# Costa Rica Birds...



## Glenn Bartley (Oct 22, 2015)

Here's a few from my latest trip to Costa Rica.

All the best!

Glenn


----------



## candc (Oct 22, 2015)

Great shots with fantastic colors, especially the toucan. Thumbs up!


----------



## geonix (Oct 22, 2015)

Great work Glenn Bartley

Like all of them, but the 4th where the neck of the colibri look like scales of a reptile and the toucan are extraordinary.


----------



## Click (Oct 22, 2015)

Awesome. 8) Great shots, Glenn.


----------



## Isaac Grant (Oct 22, 2015)

All are just perfect. Exposure. Sharpness. Color. Contrast. Amazing stuff.


----------



## Skatol (Oct 22, 2015)

beautiful series Glenn. Outstanding work.

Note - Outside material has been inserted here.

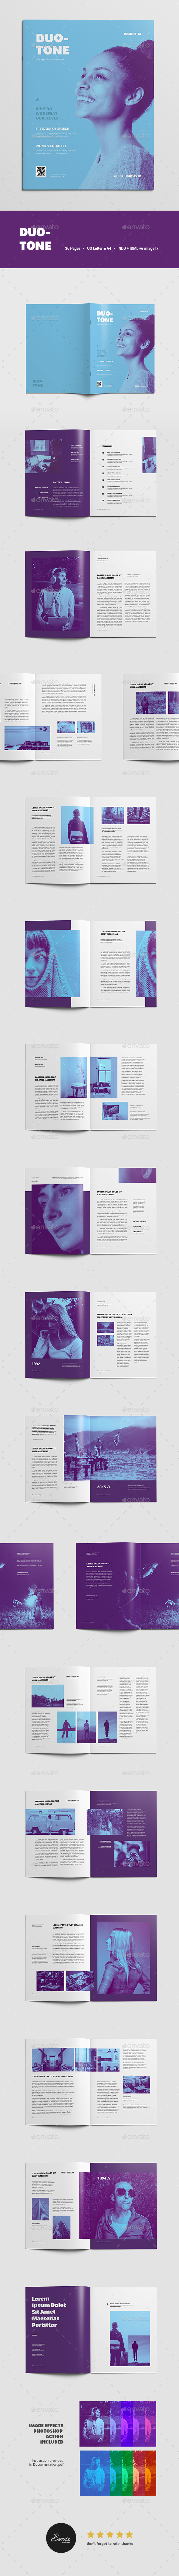 Duotone Magazine - Magazines Print Templates
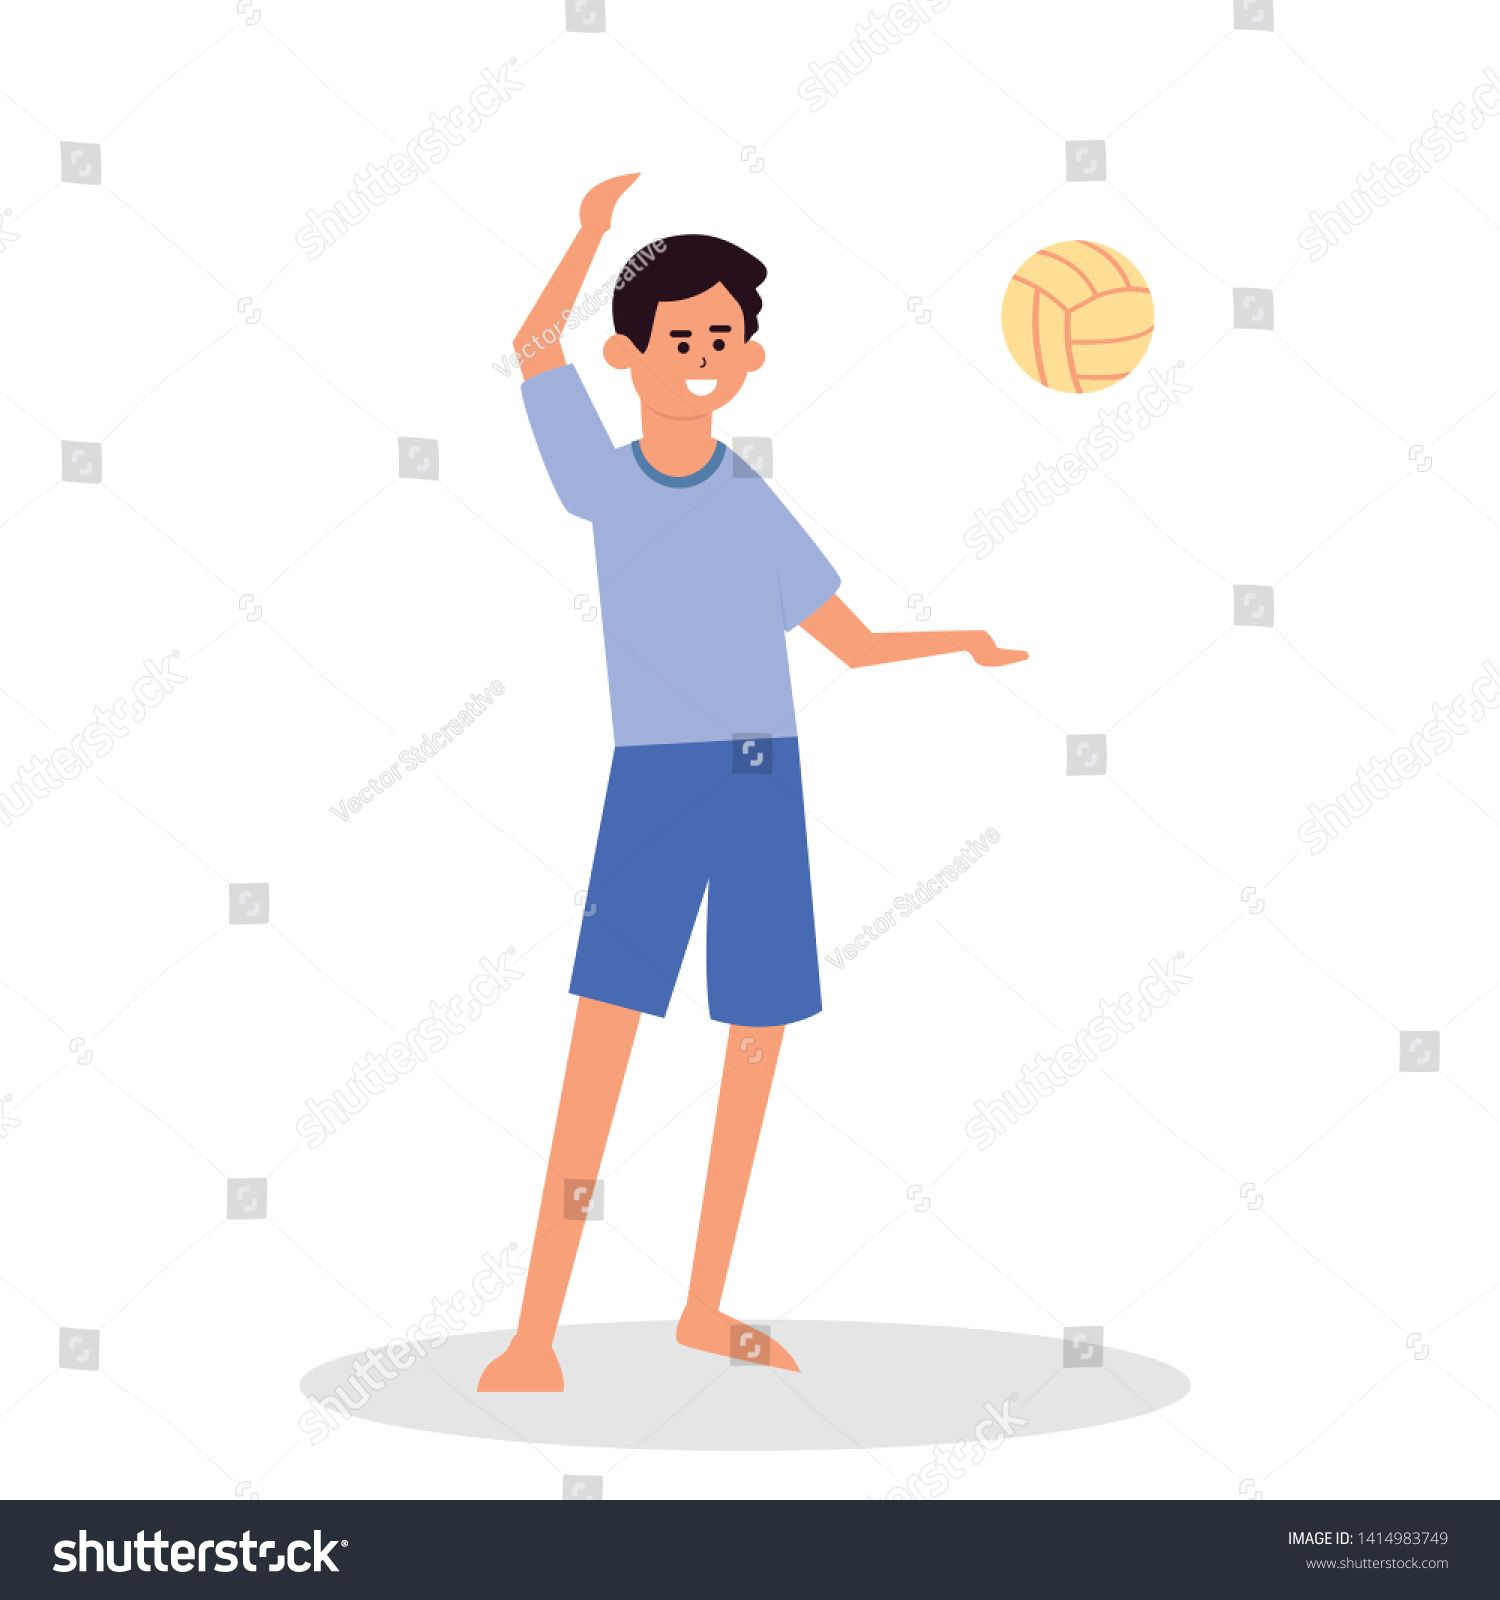 Summer Activities And Sport On Beach Flat Cartoon Happy Boy Play Volleyball Throwing Ball Happy Smiling Men Having Fun Boys Playing Cartoon Boy Smiling Man

Especially like the Toucan?? in the rain.


----------



## lion rock (Oct 22, 2015)

Glenn,
Excellent!
-r


----------



## neuroanatomist (Oct 22, 2015)

Amazing – well done!!


----------



## Stu_bert (Oct 22, 2015)

Inspirational photos Glenn, thank you for sharing, were they all taken with the 7D II ?


----------



## Visarend (Oct 24, 2015)

neuroanatomist said:


> Amazing – well done!!



+1


----------



## ray5 (Oct 24, 2015)

Glenn Bartley said:


> Here's a few from my latest trip to Costa Rica.
> 
> All the best!
> 
> Glenn



Astonishing pictures!! Well done. Please share your technique.
Ray


----------



## Glenn Bartley (Oct 27, 2015)

Stu_bert said:


> Inspirational photos Glenn, thank you for sharing, were they all taken with the 7D II ?



Thank you. Yes all 7D II.


----------



## MartinDaniel (Nov 4, 2015)

wow, amazing shots! Such beautiful colors & details...very nice!


----------



## FEBS (Nov 17, 2015)

Glenn,

When I see those photos, I know I still can make progress. They are really stunning. Costa Rica stays on my short list for countries to visit in the near future.

Francois


----------